Toward a novel understanding of clonal network organisms The discovery of a novel microbiota heritability mechanism deeply impacts our understanding of plant phenotype and evolution. Not only plants can be considered as holobionts but the structure of clonal plants in network connecting clonal ramets extends the holobiont concept to a more complex scale that we have called the meta-holobiont (article IV ). The clonal network allows indeed the dynamic sharing of microorganisms between ramets. Different holobionts are connected in clonal network allowing them to exchange of part of their hologenome. The network thus constitutes an additional level on which selection can act. Selection can act on the phenotype of the individual holobiont or on the phenotype of the network. In addition, these two levels of organization are intricated because the fitness of one member of the network could effect the fitness of the whole network.

This idea could be extended to other clonal networks as soon as organisms can be shared within the network. Future research are needed on clonal organisms in order to determine whether such structure happens to exist in other organisms or if the meta-holobiont only fits for clonal plants. Even if the meta-holobiont theory developped herein (Article V ) cannot be extended to other organisms, we emphasize the suitability of the clonal plant model (and thus the meta-holobiont) for the study of microbiota assembly in the context of complex organisms.

183 The role of the meta-holobiont in determining microorganisms dispersal and plant fitness in natural ecosystem is a major perspective. Especially, in the context of plant community, transmission and filtration mechanisms in the meta-holobiont could impact the dispersal of beneficial symbionts in the environment. If the meta-holobiont is able to selectively facilitate the spreading of the most useful microorganisms within the plant community it could impact the microbiota assembly of the whole plant community.
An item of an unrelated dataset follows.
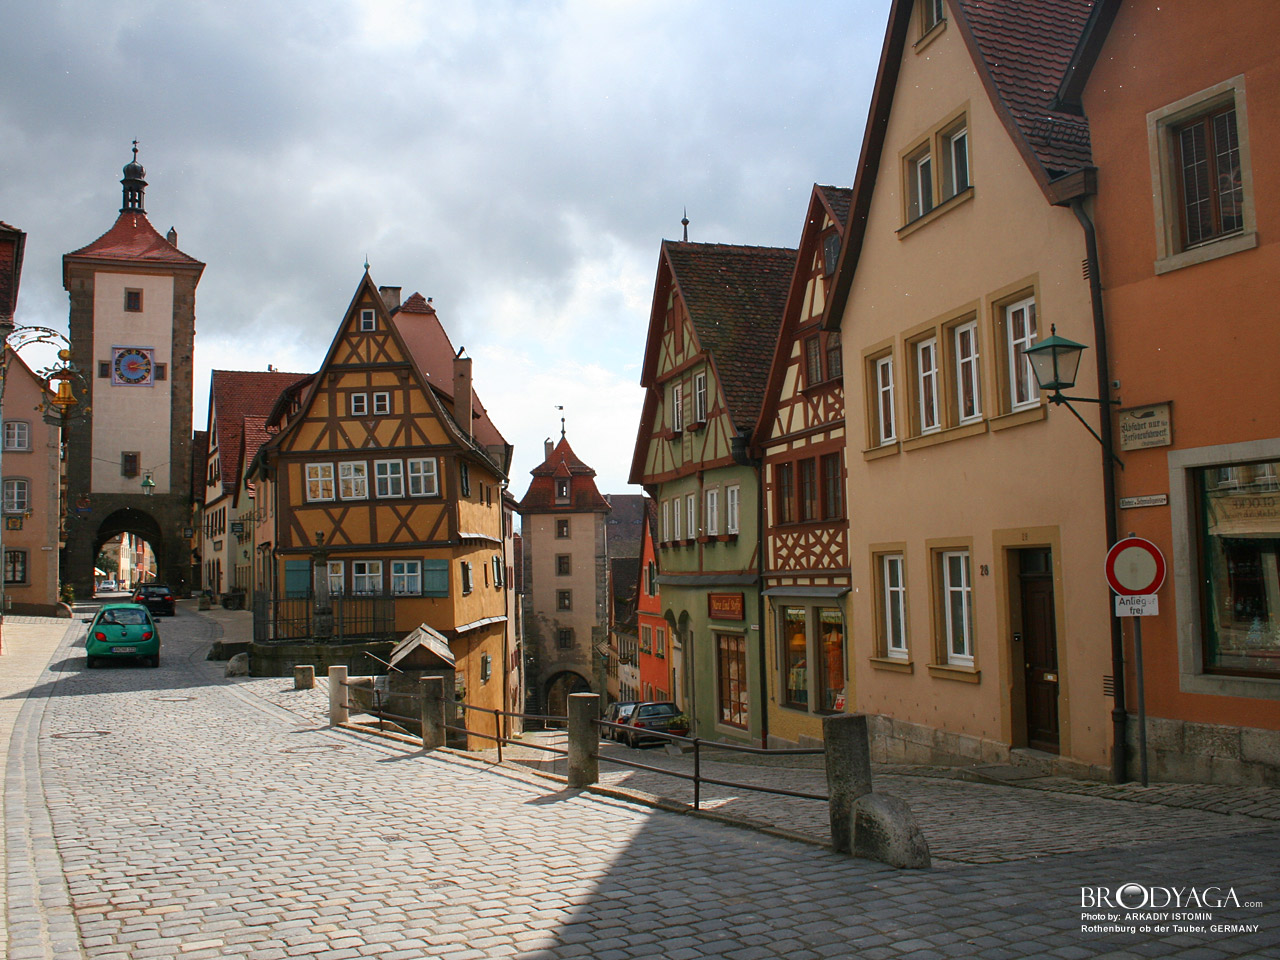 Rothenburg ob der Tauber | Beautiful Town | Travel And Tourism: globaltraveltorusim.blogspot.com/2013/08/Rothenburg-ob-der-Tauber.html

III. From individuals to community

The community context shapes the microbiota

At the plant community scale, plants are interacting with each other in neutral, competitive, or facilitative ways. A given plant in the community is thus interacting with its neighborhood and it is likely that this neighborhood could affect the assembly of its microbiota. More importantly, at a given location, the fungal propagule reservoir (i.e. the soil pool) available for recruitment by the plant is a consequence of the fungal community within the previous host-plants. We demonstrated that the plant neighborhood determines in part this fungal soil pool available for plant recruitment (Article V ). We explained the competitive balance and richness of the fungal communities colonizing the trap plant Medicago truncatula based on the close neighborhood of plants surrounding the soil sampling point. Valyi et al. (2016) proposed that the relative influence host filtering on the AM fungal community is stronger at local scale (Valyi et al., 2016). Our results fits perfectly with this hypothesis and introduce the role of the local plant community context (i.e. the plant neighborhood) as a factor structuring the assemblage of the plant microbiota, aside from the plant genetics and the environmental factors like soil properties. The results obtained herein (Article V ) suggest that the host preference and host filtering structuring the fungal community mostly act at centimetric scale (Hazard et al., 2013; Valyi et al., 2016). The effect of the plant neighborhood occurred at finer scale than previously thought (i.e. 5 cm to 25 cm around the sampling point) on the fungal community richness and composition. Previous studies focusing on AM fungi reported that AM fungal community composition was highly heterogeneous, even at local scale (Brundrett & Abbott, 1995; Carvalho et al., 2003; Wolfe et al., 2007). Bahram et al. (2015) also reported in a meta-analysis the existence of a spatial autocorrelation of AM fungi, suggesting thus dispersal patterns of fungi at the scale of the meter.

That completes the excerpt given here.